Exercise data START

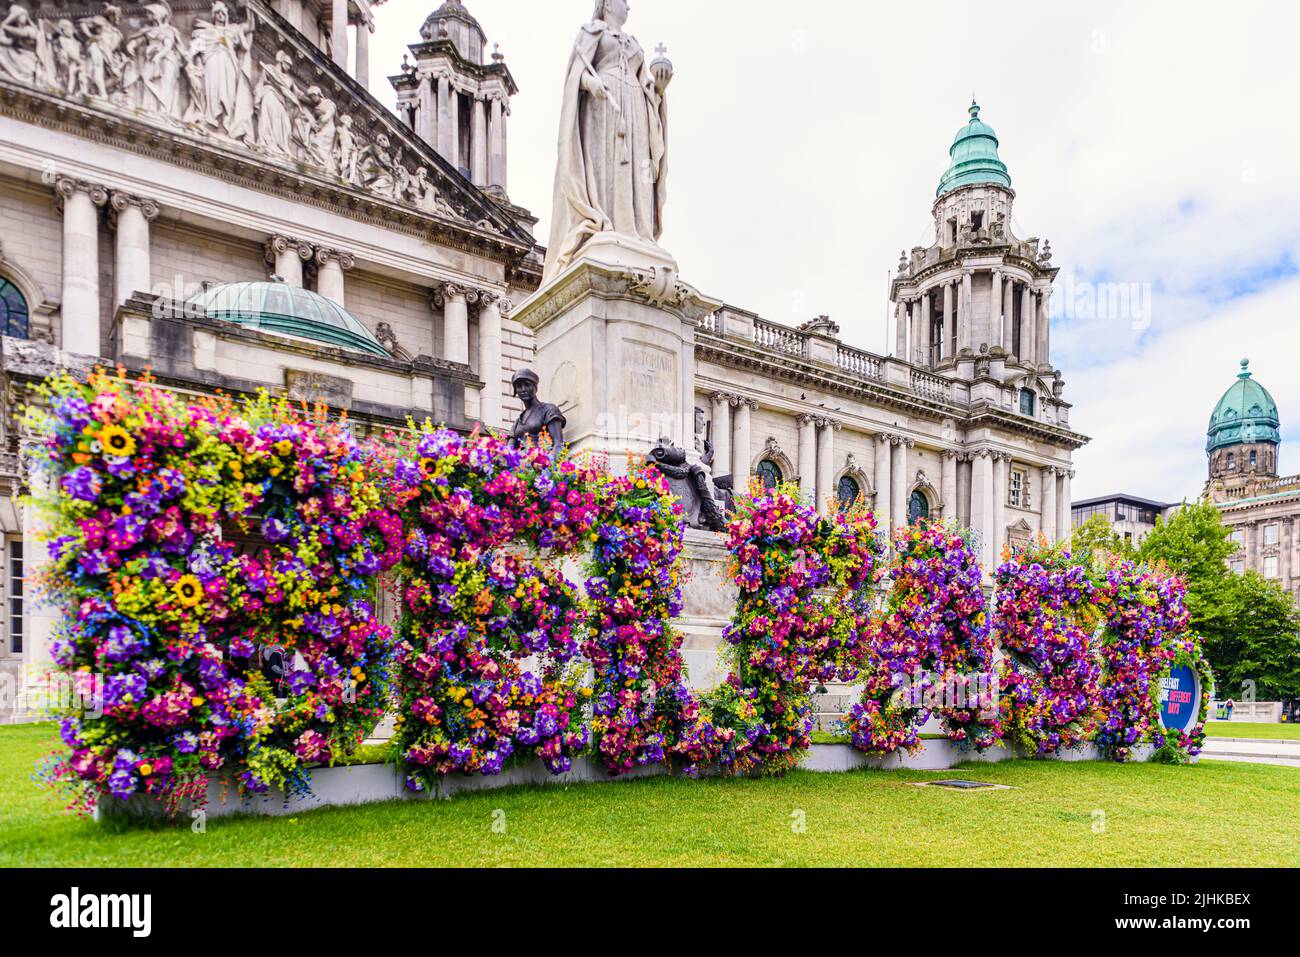 Floral flowers display spelling out 'BELFAST' in the grounds of Belfast City Hall, Northern Ireland, United Kingdom, UK Stock Photo
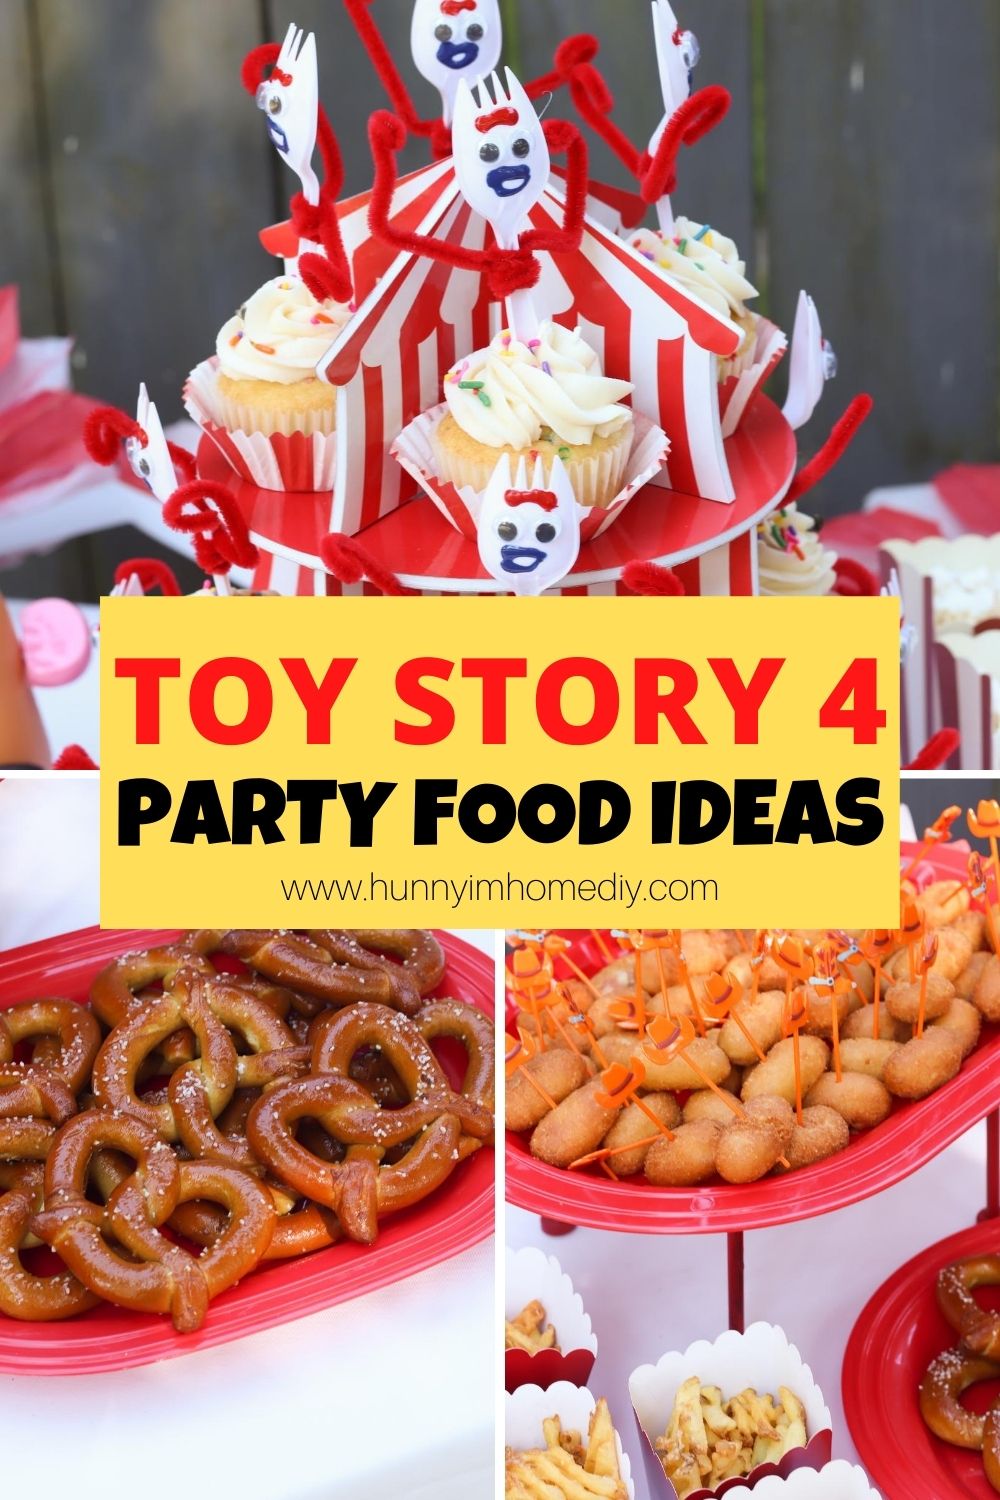 Toy Story 4 Food Ideas for Your Party Hunny I'm Home DIY
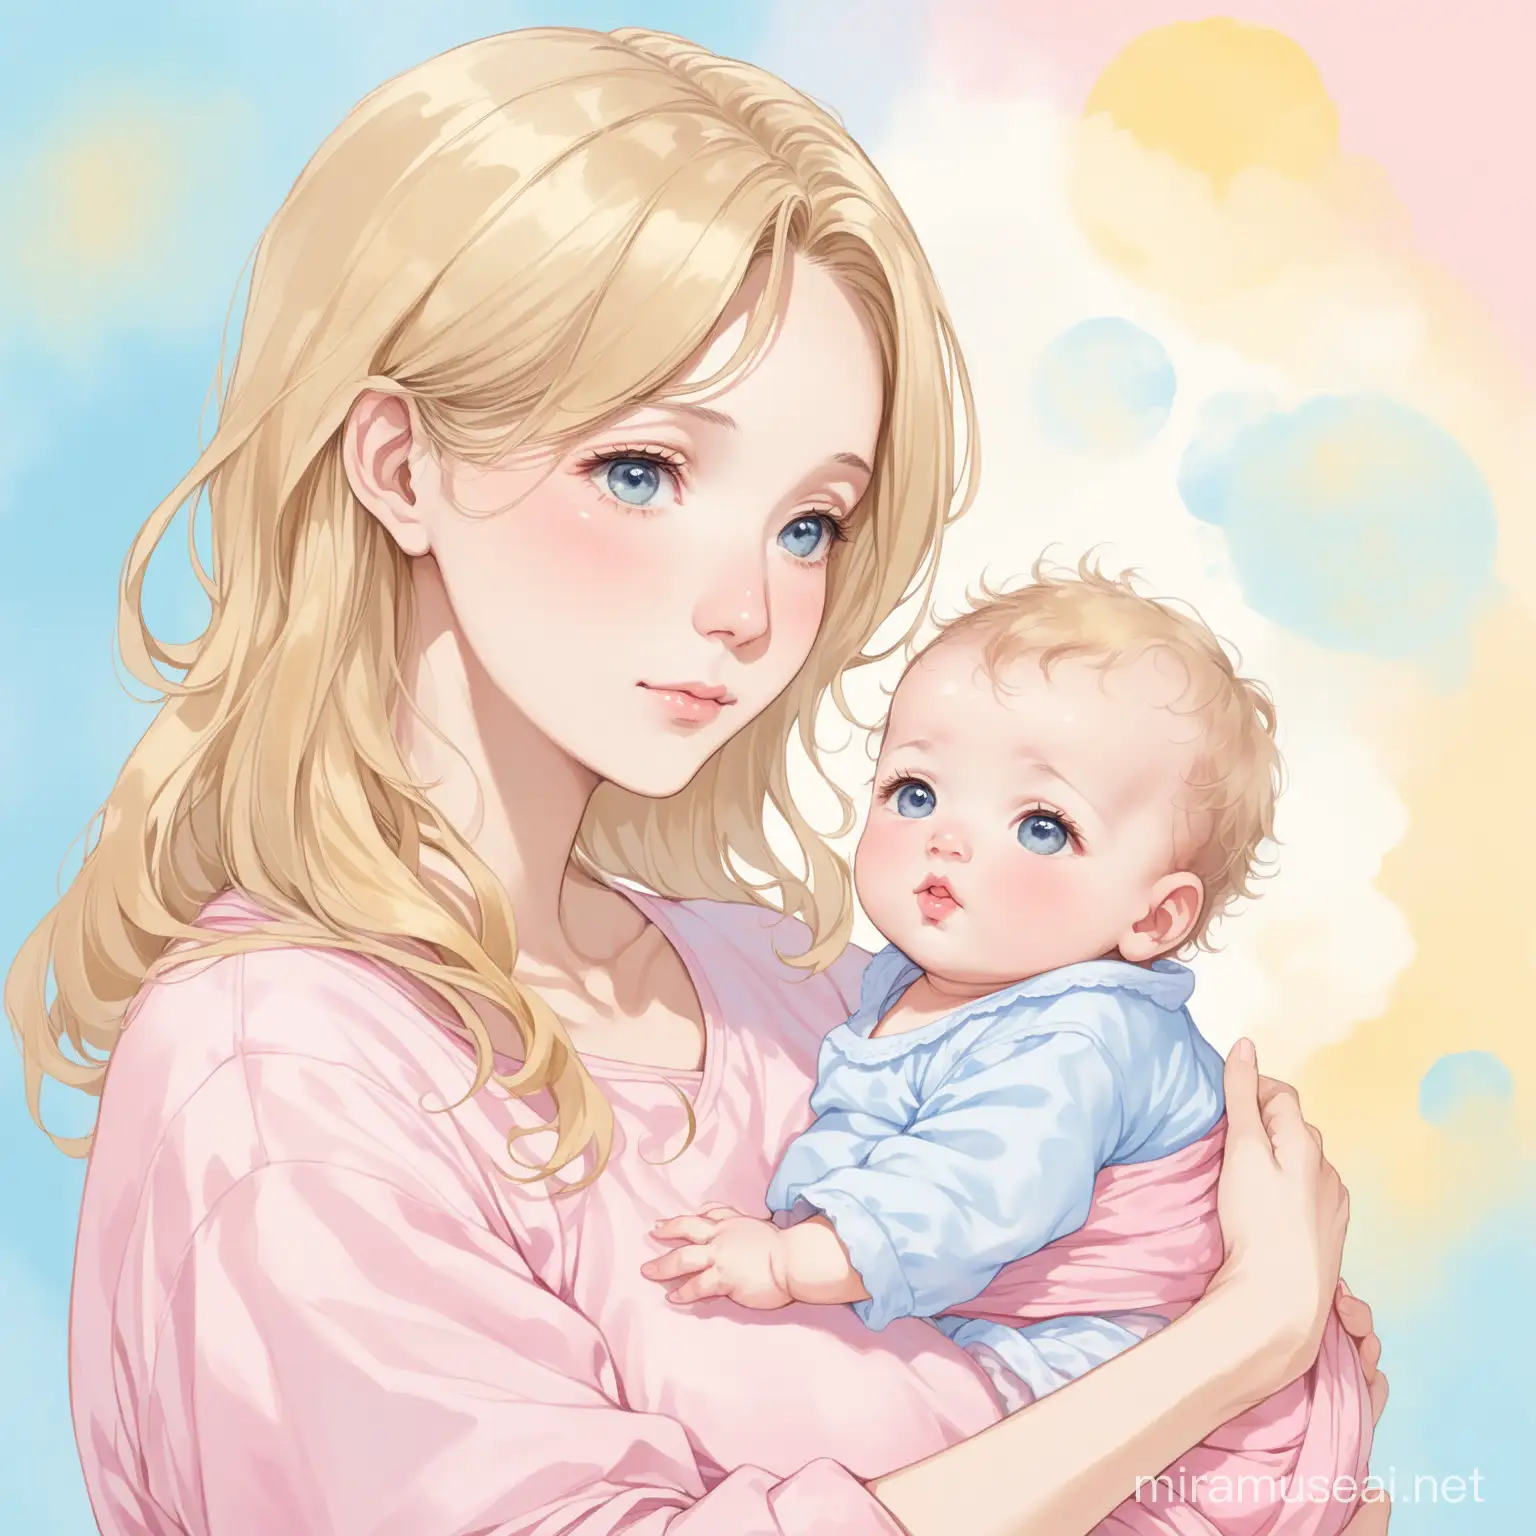 woman around 30 with dirty blonde hair, grandmother from heaven holding her baby. In the background are miscarried babies  in different stages of development. background is dreamy pastels of pink, blue, and yellow
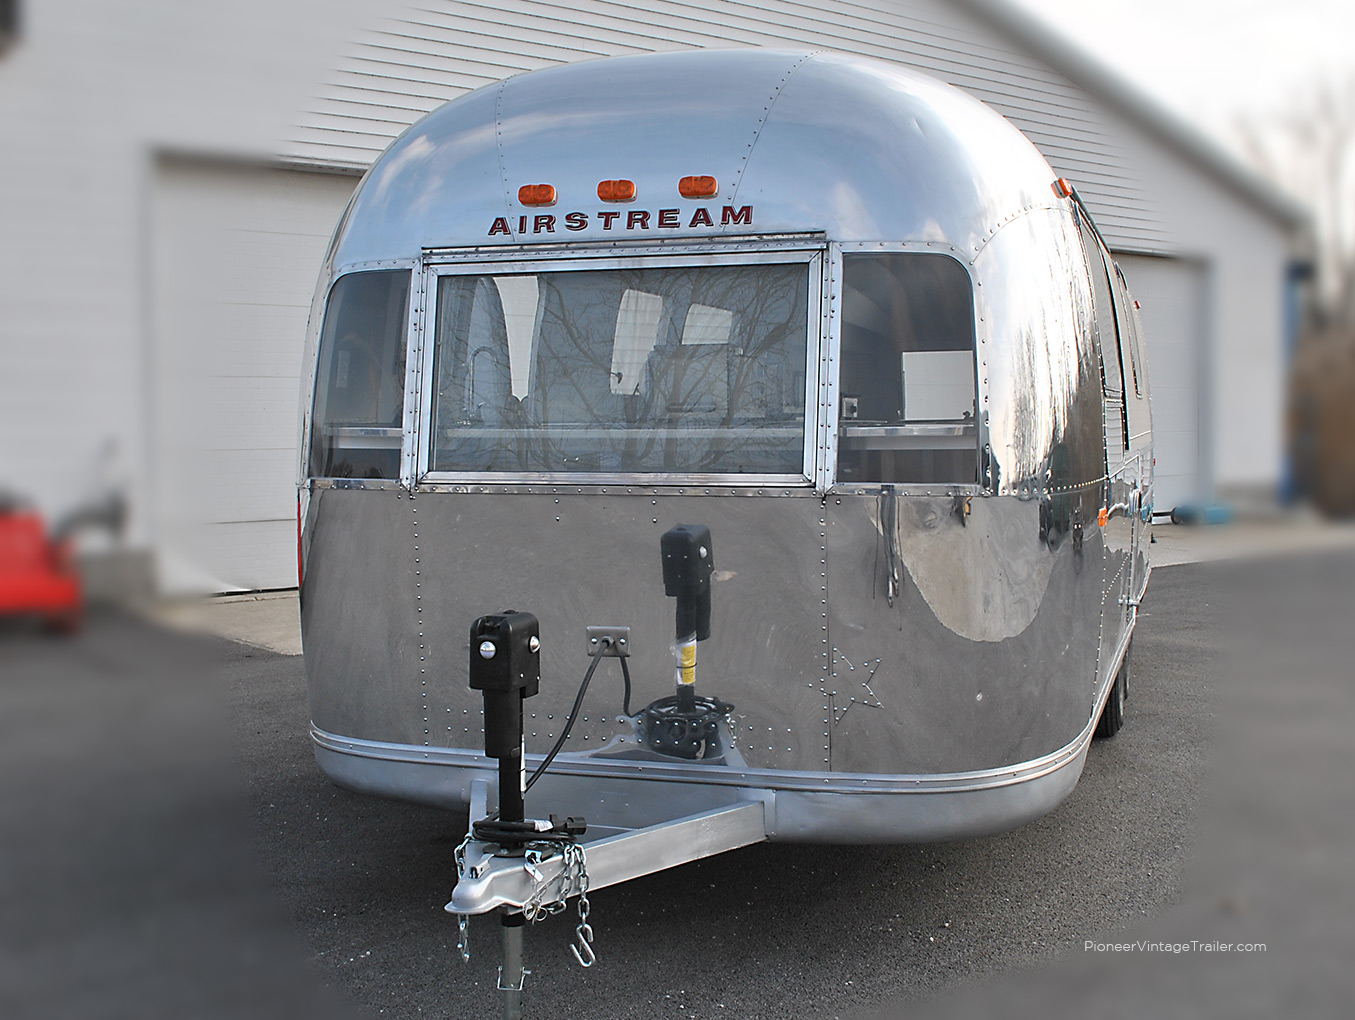 Airstream coffee vending trailer - front view

Exercise data END

[Exercise requirements]:
With the pictures set aside, write out the whole listing exactly.

[Exercise result]:
 Floral flowers display spelling out 'BELFAST' in the grounds of Belfast City Hall, Northern Ireland, United Kingdom, UK Stock Photo
 Toy Story 4 Food Ideas for Your Party Hunny I'm Home DIY
 woman around 30 with dirty blonde hair, grandmother from heaven holding her baby. In the background are miscarried babies  in different stages of development. background is dreamy pastels of pink, blue, and yellow
 Airstream coffee vending trailer - front view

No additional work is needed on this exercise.